* _Raw data_
══════════════════════════════
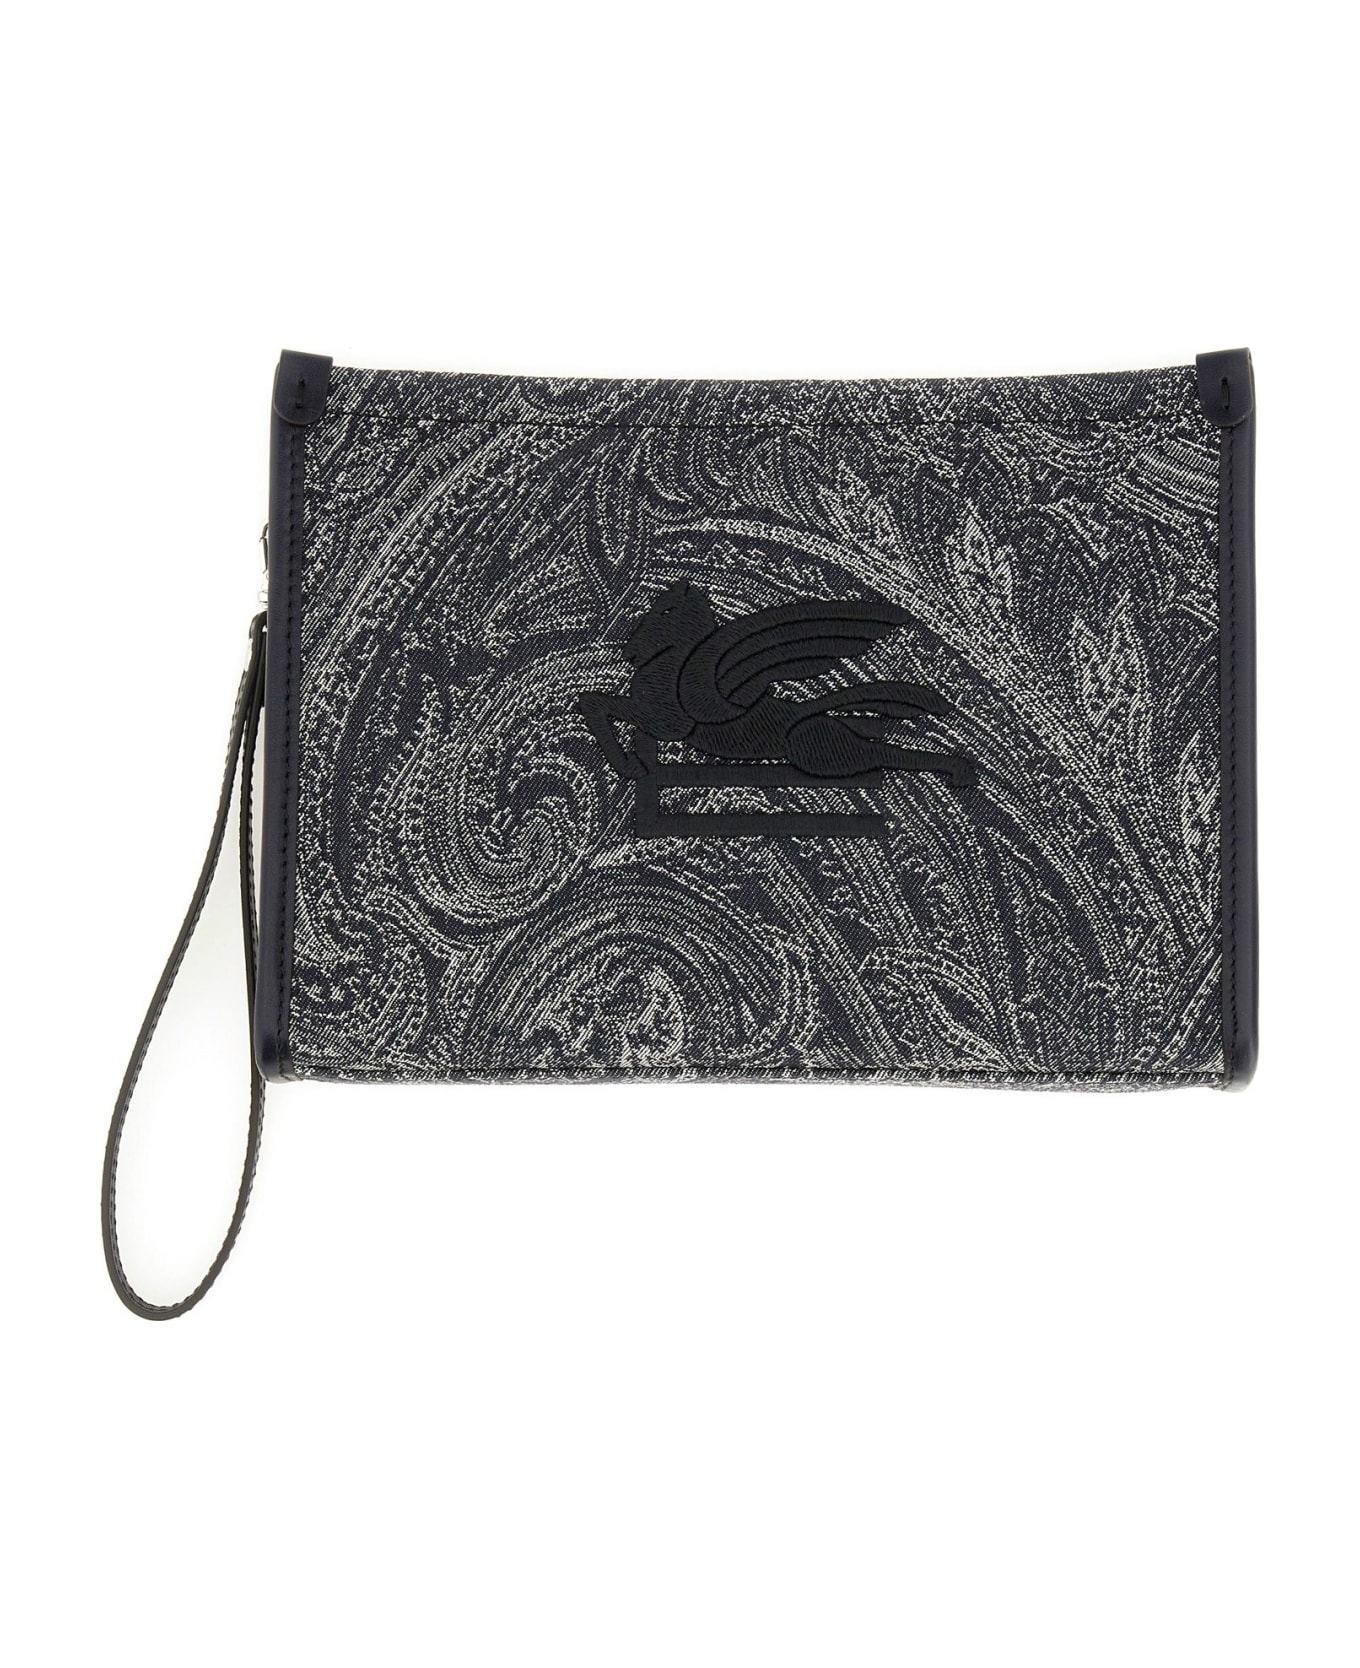 Etro Navy Blue Pouch With Paisley Jacquard Motif - Blue クラッチバッグ
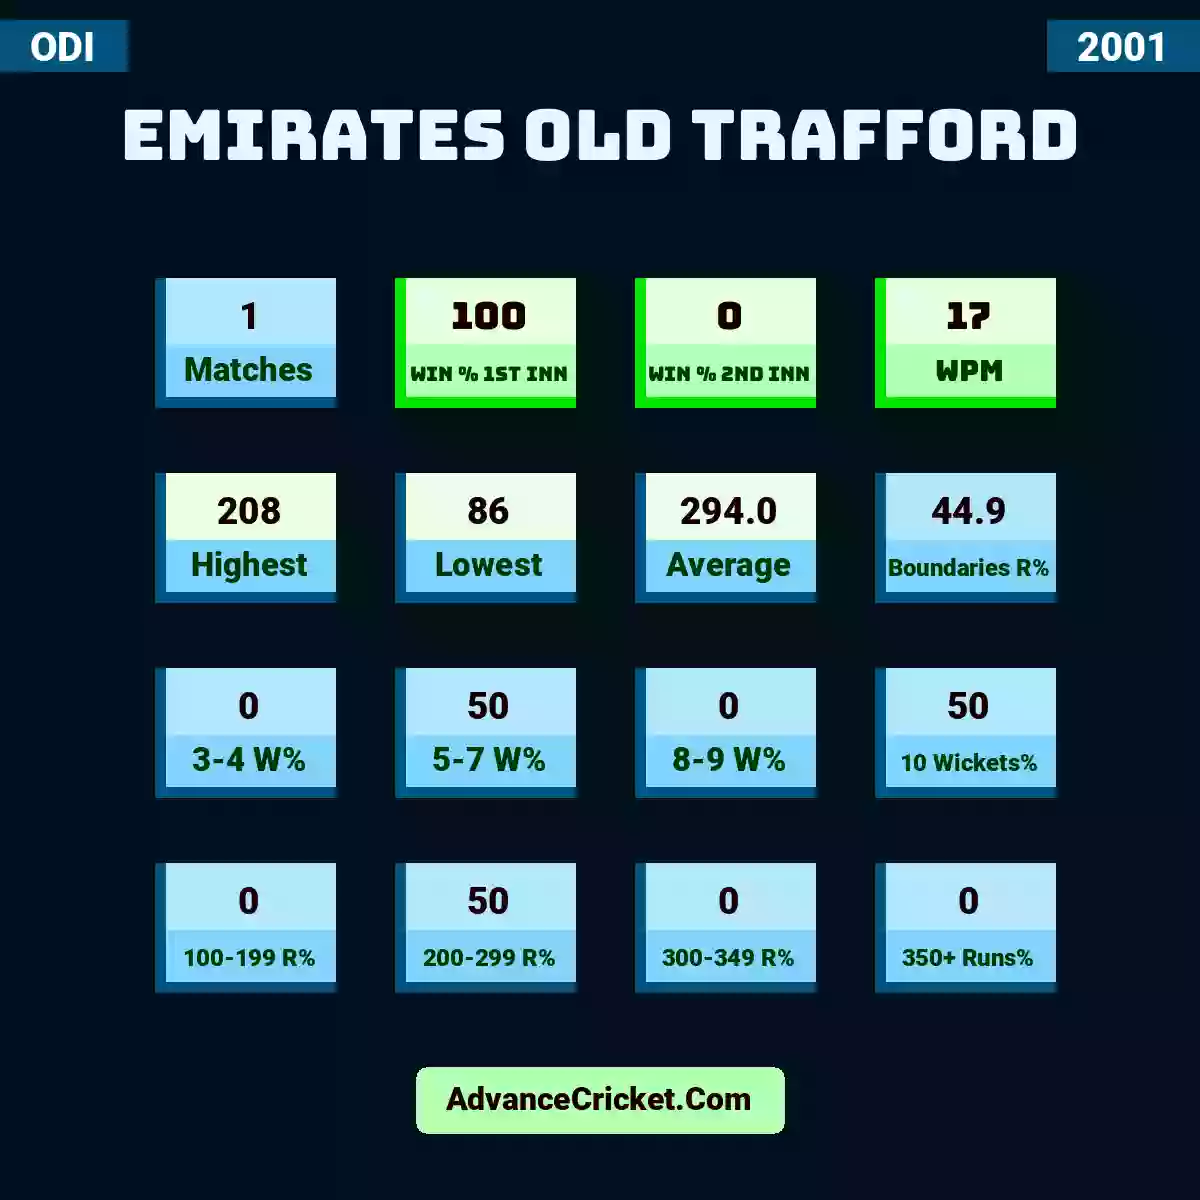 Image showing Emirates Old Trafford with Matches: 1, Win % 1st Inn: 100, Win % 2nd Inn: 0, WPM: 17, Highest: 208, Lowest: 86, Average: 294.0, Boundaries R%: 44.9, 3-4 W%: 0, 5-7 W%: 50, 8-9 W%: 0, 10 Wickets%: 50, 100-199 R%: 0, 200-299 R%: 50, 300-349 R%: 0, 350+ Runs%: 0.
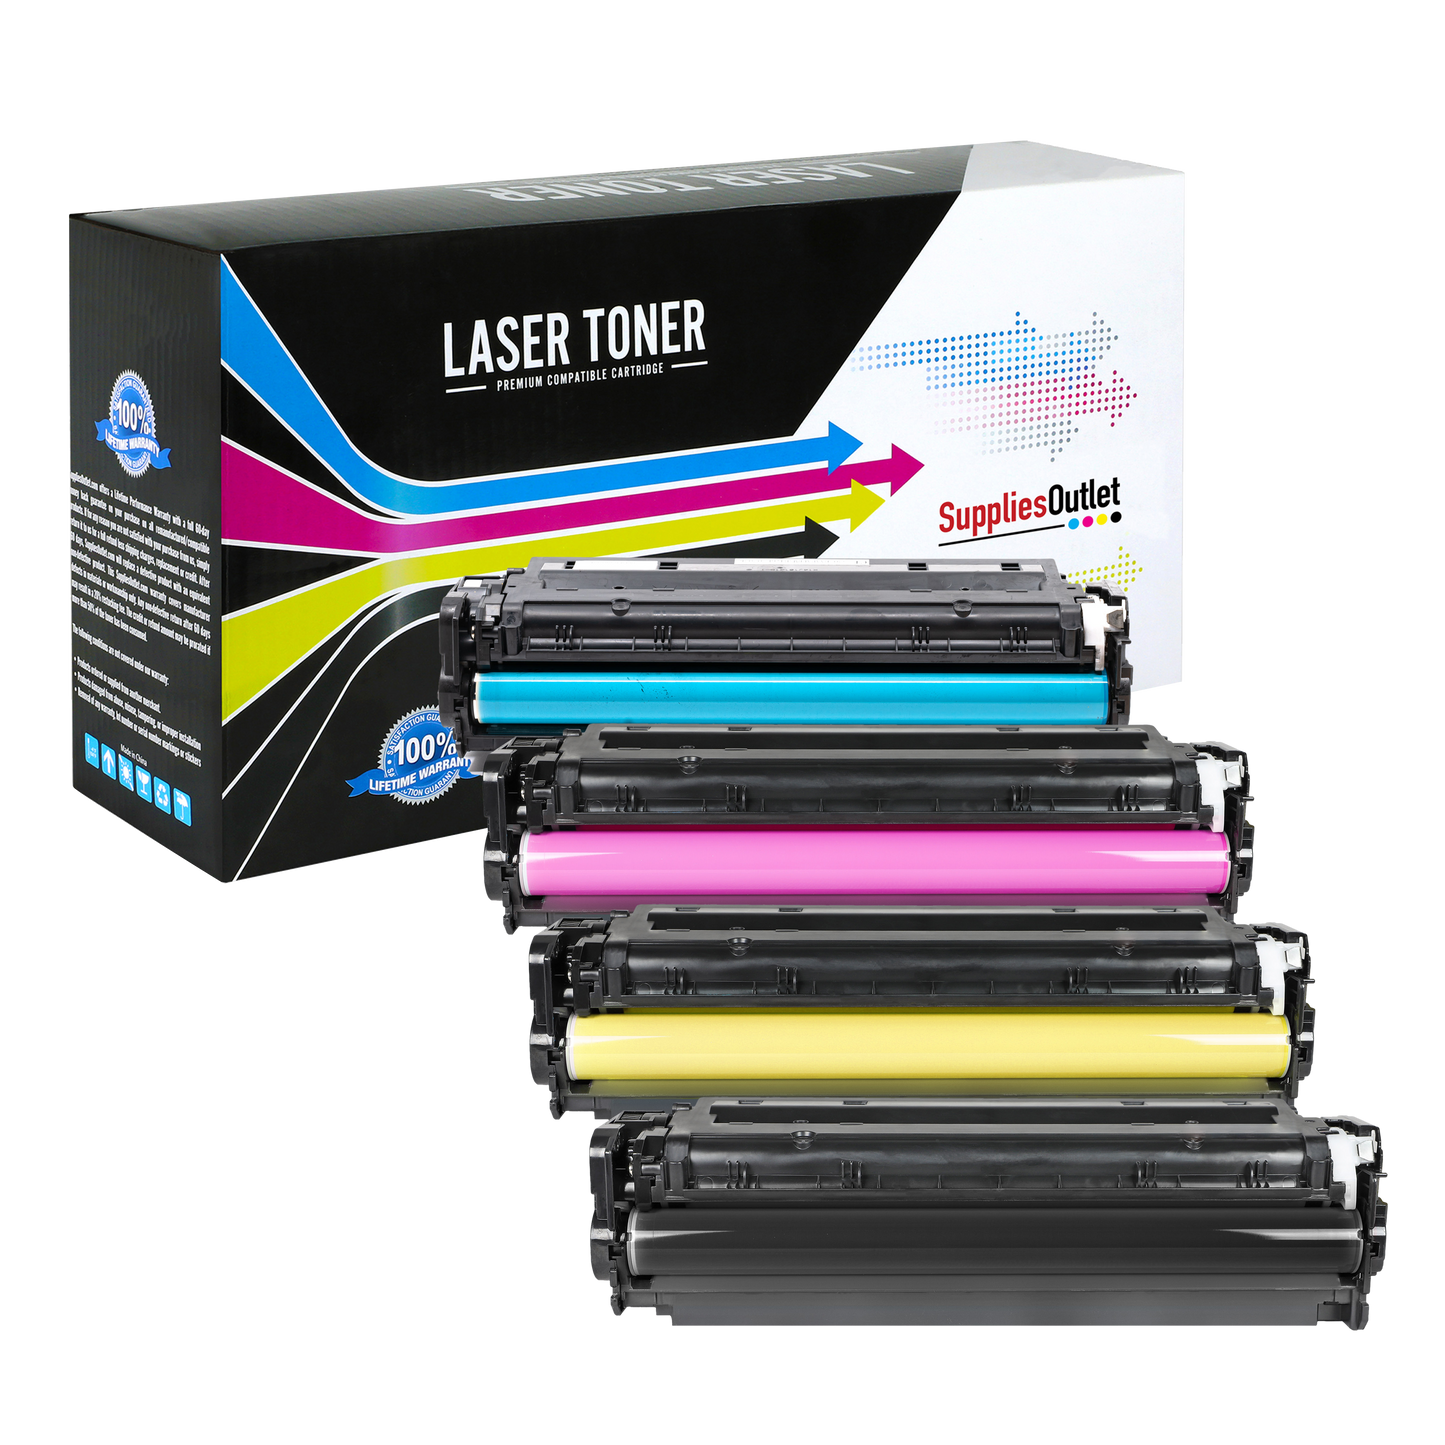 Compatible HP 304A All Colors Toner Cartridge - 3,500 Black - 2,800 Color Page Yield
══════════════════════════════
* _Directions for this task_
The whole listing is to be retyped exactly, with its pictures removed.

* _Solved exercise_
 Etro Navy Blue Pouch With Paisley Jacquard Motif - Blue クラッチバッグ
 Image showing Emirates Old Trafford with Matches: 1, Win % 1st Inn: 100, Win % 2nd Inn: 0, WPM: 17, Highest: 208, Lowest: 86, Average: 294.0, Boundaries R%: 44.9, 3-4 W%: 0, 5-7 W%: 50, 8-9 W%: 0, 10 Wickets%: 50, 100-199 R%: 0, 200-299 R%: 50, 300-349 R%: 0, 350+ Runs%: 0.
 Compatible HP 304A All Colors Toner Cartridge - 3,500 Black - 2,800 Color Page Yield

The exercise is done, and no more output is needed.